Acrylic on canvas "6 Trains", 2016
But apart from time, Ju has made leaps and bounds in so many areas of development that it's a real toughie to start this post! You can see from his latest pictures that he is something of a minor prodigy when it comes to drawing. If my memory serves me well, he started asking for drawings of trains at 2.5 years and since then he's been drawing non stop. I have enough drawing supplies to stock a small kindergarten. Ju pays very close attention to detail and for better or worse, he's a perfectionist. This means tantrums when he (or we!) doesn't get a particular turbine or cockpit done just right. Teaching him to manage his frustration with his perceived "imperfections" has been one of the main challenges since age 4. 

Christmas present for Oma, 2015.
While Ju can and likes to produce detailed and accurately-represented drawings, these are limited to his two favourite subjects: aeroplanes and trains. With some help from me, he learnt to include mountains, clouds and landscape features but not much else. It is an epic struggle to get him to add people in the trains much less anywhere in the picture. His forte: a train entering or exiting a tunnel.

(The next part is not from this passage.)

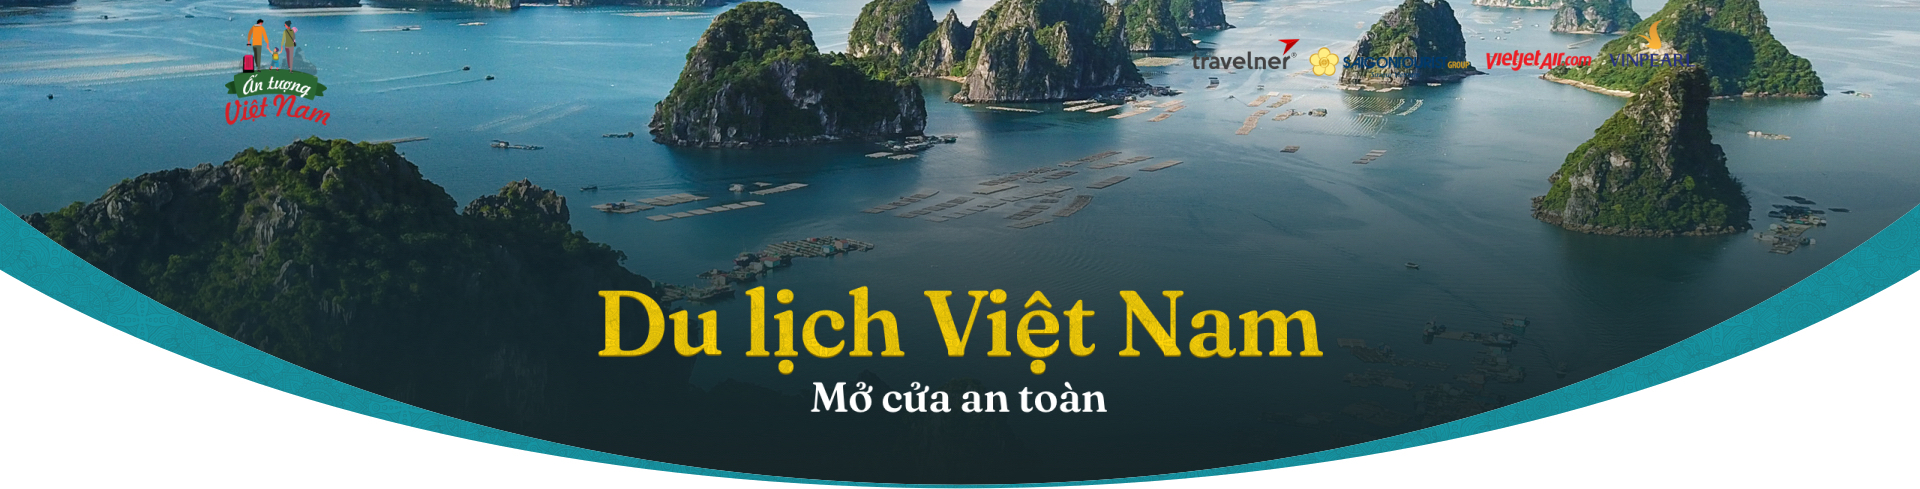 Ấn tượng Việt Nam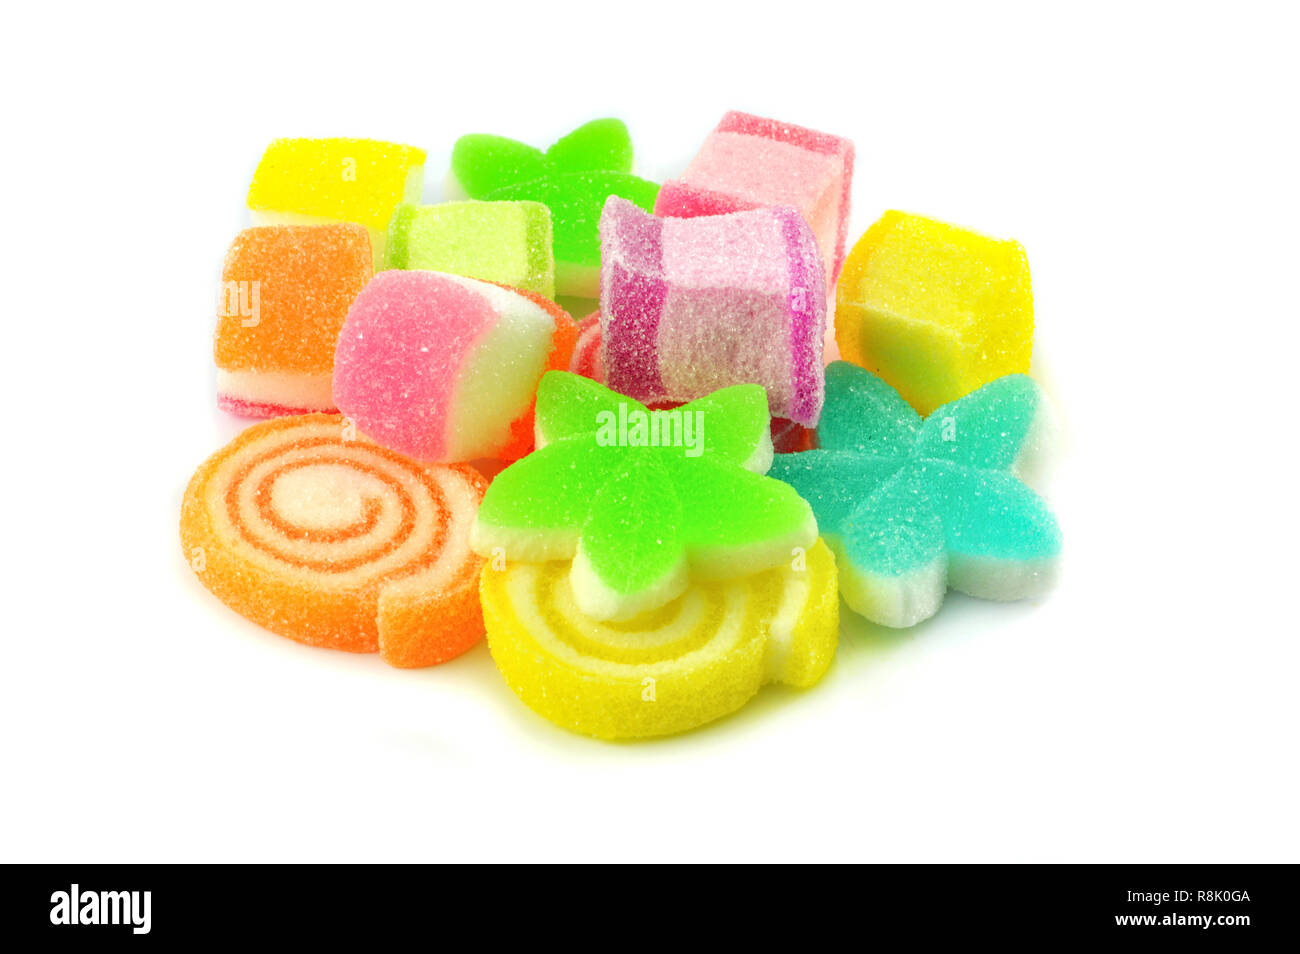 Farbenfrohe süß Gelee Bonbons auf weißem Hintergrund/Stapel von Dessert  Süßigkeit mit dem Zucker in verschiedenen Formen isoliert Stockfotografie -  Alamy

Ask him where the passengers are and he's got a good answer ready: "This train is going to the depot, everyone has alighted at the last station!" We are working on this. 


Ju's cognitive development is normal and his fine and gross motor abilities are developing very well. Since moving to Kuala Lumpur and transitioning to his new international school, Ju has made many friends and learnt to swim, play football, and most importantly read. The British national curriculum for the Early Years introduces phonics and early reading at age 4-5, known as the Reception year. This is early compared to the western European countries. In Germany there is no introduction to reading or even any formal education until Grade One (age 6). After 4 months of phonics training, Ju can now read simple sentences. The reading programme at his school is impressive and the children who finish Reception are usually literate by then and can spell. I'll devote a separate post on Literacy when I talk about school!

SPEECH AND COMMUNICATION

In my last update, Ju was 2 years of age and just starting to speak. In the last 2 and a half years, his speech has exploded exponentially in ALL THREE LANGUAGES. I cannot say this more emphatically and I feel a lovely kind of proud vindication every time I stop to wonder at how he has made it to this point!

People who discover that he speaks and understands German, Mandarin and English never cease to be amazed by Ju's ability. What is otherwise a normal day for him becomes an amazing thing to others watching him switch flawlessly back and forth from Mandarin Chinese to German in a conversation amongst him, his father and me. Family members are now used to Ju's categorical refusal to mix languages. He might be describing his train system to his Oma and Opa in German and in the next minute he would look up and inform me in Mandarin that Opa was driving the train wrongly. The only time he mixes in a word in the other language is if he doesn't know it in the current language. For example, "Mama, shen me shi Zug Schienen?" (Mama, what is "Zug Schienen" in Chinese?) He would actually ask for the term in Chinese if he needs to use it. Strangely, if he does not know how to translate a sentence to the other language, or if he doesn't want to take the effort, he prefers to say "I don't know" or "it's a surprise!" which is a euphemism for "I don't want to say". For instance:

Ju: 妈妈,今天我们在游泳池里跳进水里,然后浅下去地上抓一个东西!
(Mama, today in the pool we all jumped in and dived to the floor to pick something up!)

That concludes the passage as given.